我对亚马逊 AWS 上的 Kubernetes 和 Prometheus 的自定义指标有疑问。默认情况下,CPU 和内存指标运行良好。Prometheus http_requests 不是,这是错误:
$ kubectl describe hpa hpa-deploy
Name: hpa-deploy
Namespace: default
Labels: <none>
Annotations: kubectl.kubernetes.io/last-applied-configuration:
{"apiVersion":"autoscaling/v2beta2","kind":"HorizontalPodAutoscaler","metadata":{"annotations":{},"name":"hpa-deploy","namespace":"default...
CreationTimestamp: Thu, 06 Jun 2019 11:06:48 +0000
Reference: Deployment/django
Metrics: ( current / target )
"http_requests" on pods: <unknown> / 2k
Min replicas: 1
Max replicas: 10
Deployment pods: 1 current / 0 desired
Conditions:
Type Status Reason Message
---- ------ ------ -------
AbleToScale True SucceededGetScale the HPA controller was able to get the target's current scale
ScalingActive False FailedGetPodsMetric the HPA was unable to compute the replica count: unable to get metric http_requests: unable to fetch metrics from custom metrics API: the server could not find the metric http_requests for pods
Events:
Type Reason Age From Message
---- ------ ---- ---- -------
Warning FailedGetPodsMetric 8m53s (x414 over 114m) horizontal-pod-autoscaler unable to get metric http_requests: unable to fetch metrics from custom metrics API: the server is currently unable to handle the request (get pods.custom.metrics.k8s.io *)

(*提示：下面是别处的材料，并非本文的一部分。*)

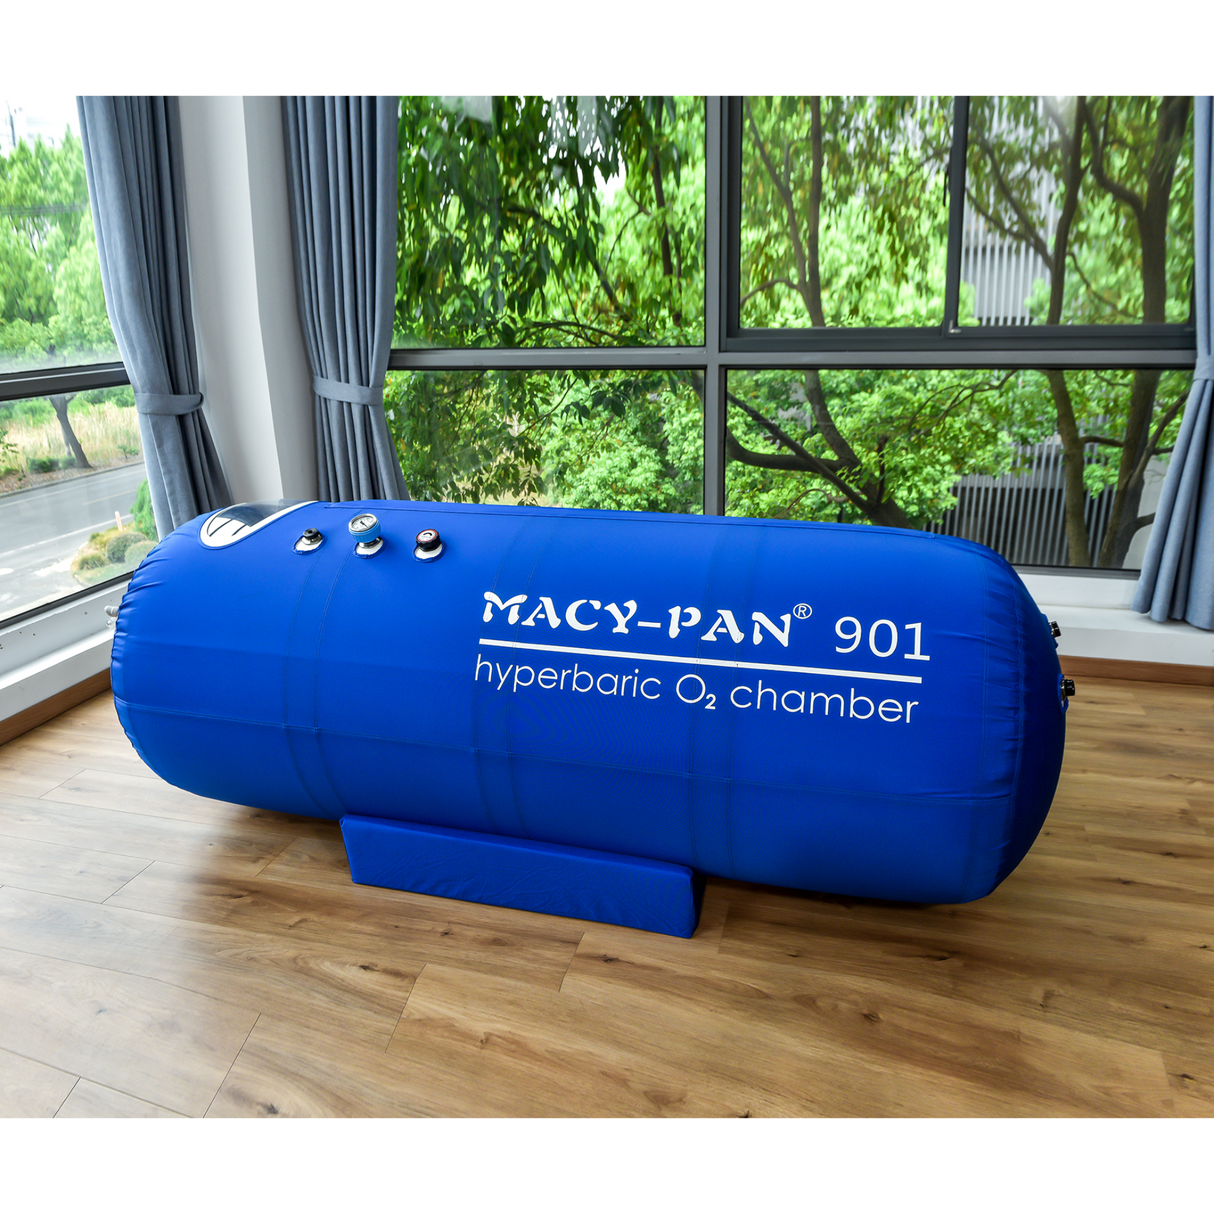 Macy-Pan Hyperbaric Oxygen Therapy Chamber Soft Lying Type - ST901

Warning FailedGetPodsMetric 3m48s (x12 over 6m36s) horizontal-pod-autoscaler unable to get metric http_requests: unable to fetch metrics from custom metrics API: the server could not find the metric http_requests for pods
我按照github项目的建议使用helm安装了Prometheus并检查了api:
$ kubectl get --raw /apis/custom.metrics.k8s.io/v1beta1
{
"kind": "APIResourceList",
"apiVersion": "v1",
"groupVersion": "custom.metrics.k8s.io/v1beta1",
"resources": []
}
然后添加以下规则:
$ kubectl edit cm my-release-prometheus-adapter
rules:
- seriesQuery: 'http_requests_total{kubernetes_namespace!="",kubernetes_pod_name!=""}'
resources:
overrides:
kubernetes_namespace: {resource: "namespace"}
kubernetes_pod_name: {resource: "pod"}
name:
matches: "^(.*)_total"
as: "${1}_per_second"
metricsQuery: 'sum(rate(<<.Series>>{<<.LabelMatchers>>}[2m])) by (<<.GroupBy>>)'
演练说添加新规则后,api检查的返回值应该在“资源”:[]内有值,但没有,我不知道为什么。
这是我的 hpa 代码:
apiVersion: autoscaling/v2beta2
kind: HorizontalPodAutoscaler
metadata:
name: hpa-deploy
spec:
scaleTargetRef:
apiVersion: extensions/v1beta1
kind: Deployment
name: django
minReplicas: 1
maxReplicas: 10
metrics:
- type: Pods
pods:
metric:
name: http_requests
target:
type: Value
averageValue: 2k
另外,我使用的是基于 Nginx 的入口控制器,但入口和服务的 hpa kubectl describe 表明:
$ kubectl describe hpa hpa-ingress
Name: hpa-ingress
Namespace: default
Labels: <none>
Annotations: kubectl.kubernetes.io/last-applied-configuration:
{"apiVersion":"autoscaling/v2beta2","kind":"HorizontalPodAutoscaler","metadata":{"annotations":{},"name":"hpa-ingress","namespace":"defaul...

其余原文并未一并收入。